# Large Plastic tank... can't find any big enough!



## roostarr (Jan 27, 2009)

Hi Guys, 

i wonder if anyone knows where to get what i'm looking for!

i'm sure you're familiar with the ferplast plastic tanks with the clip on lids that are often used as small pet carriers etc. similar to the black lidded exo terra ones.

i used to have one that was much bigger than the ones i seem to be able to find - proabably about a 30litre size whereas the largest i've been able to find is about 20litres.

i got this tank about 10 years ago and it unfortunately got cracked a few years ago and since i don't have it any more i can't check to see what company made it or what size it was.

but i am pretty sure it was a ferplast based on how similar the ones at my old university's lab were to the one i had.
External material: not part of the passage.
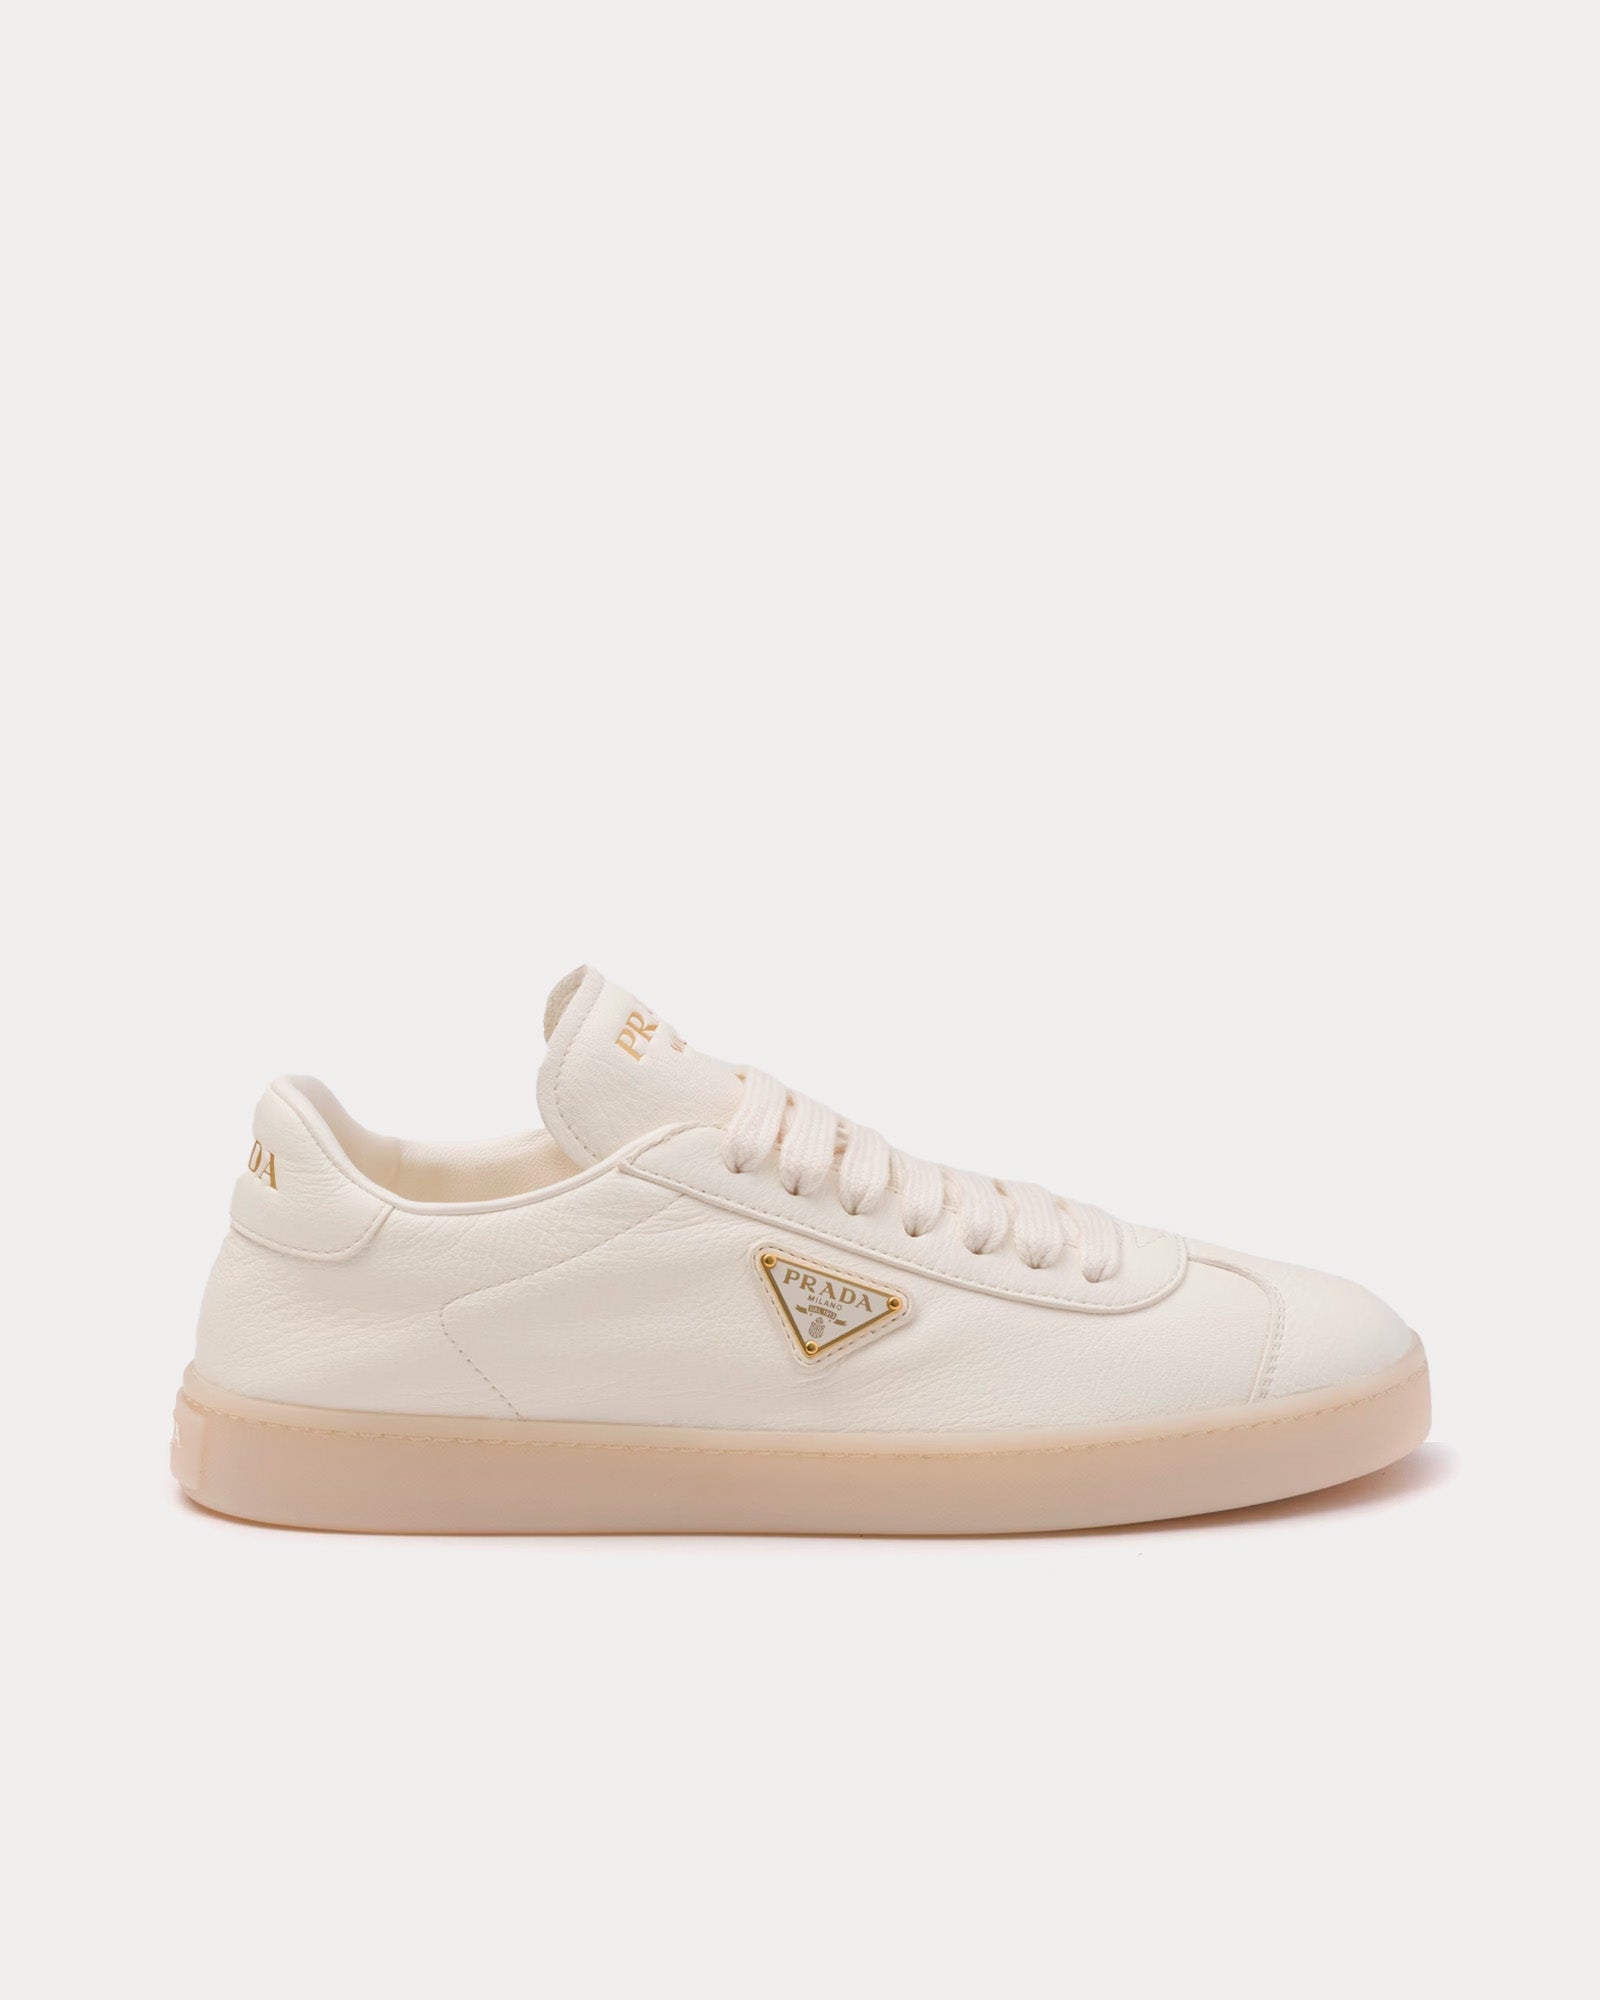 Prada - Leather Ivory Low Top Sneakers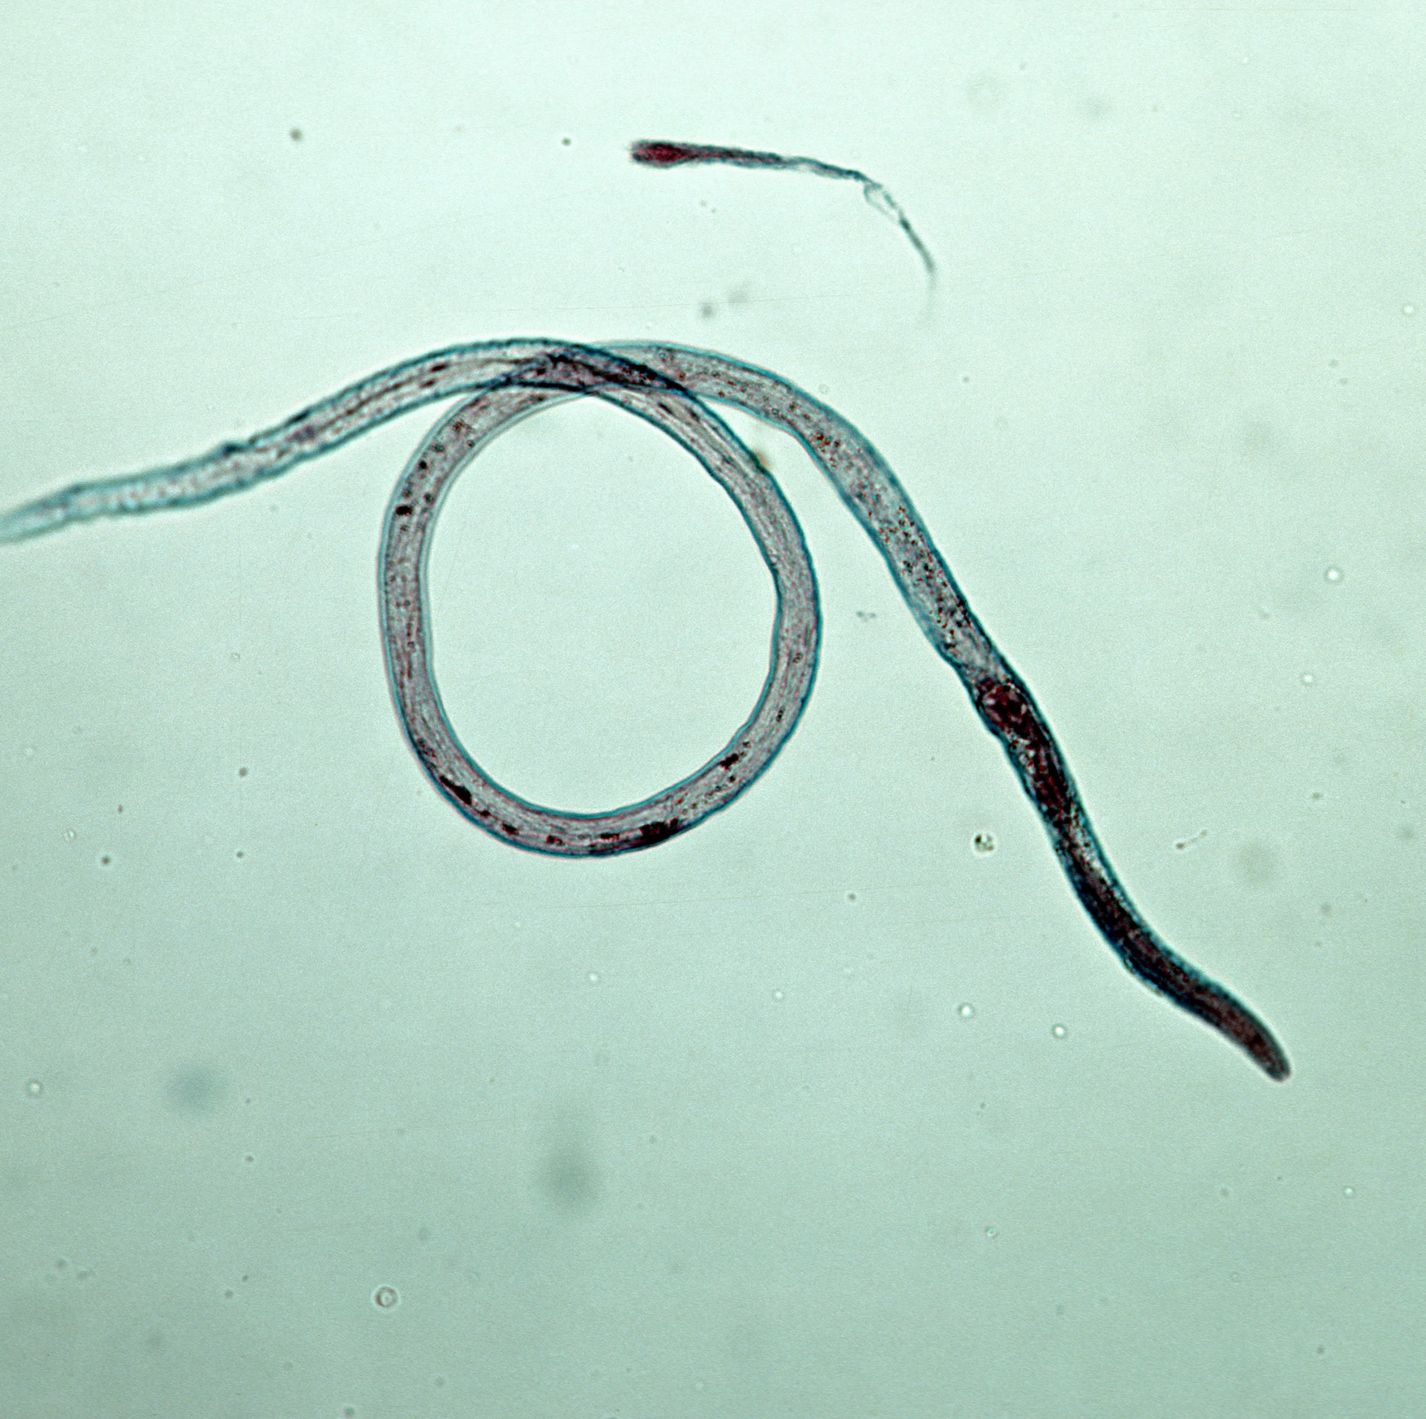 The Worms of Chernobyl Have Apparently Conquered Radiation

so does anyone know if they are still available or if they simply don't make a tank this size anymore?

i did find a similar marchioro (not sure if thats spelled right) tank on their website which seems to be a 27 litre tank but again can't find it for sale anywhere! 

thanks


----------



## roostarr (Jan 27, 2009)

come on, surely someone must know something! :lol2:


----------



## pollywog (Oct 6, 2005)

It probably was a Marchioro Aquazoo, they used to be one of the most common brands and were available from almost any pet shop.

The Reptile trade has turned to stocking the Exo-Terra & Lucky Reptile brands now instead and the regular pet shops have turned to the themed ones (Sponge Bob & Dora the Explorer).

Your best bet is to have a look around any small pet shops you have locally that may still have some old stock sat on the shelf.


----------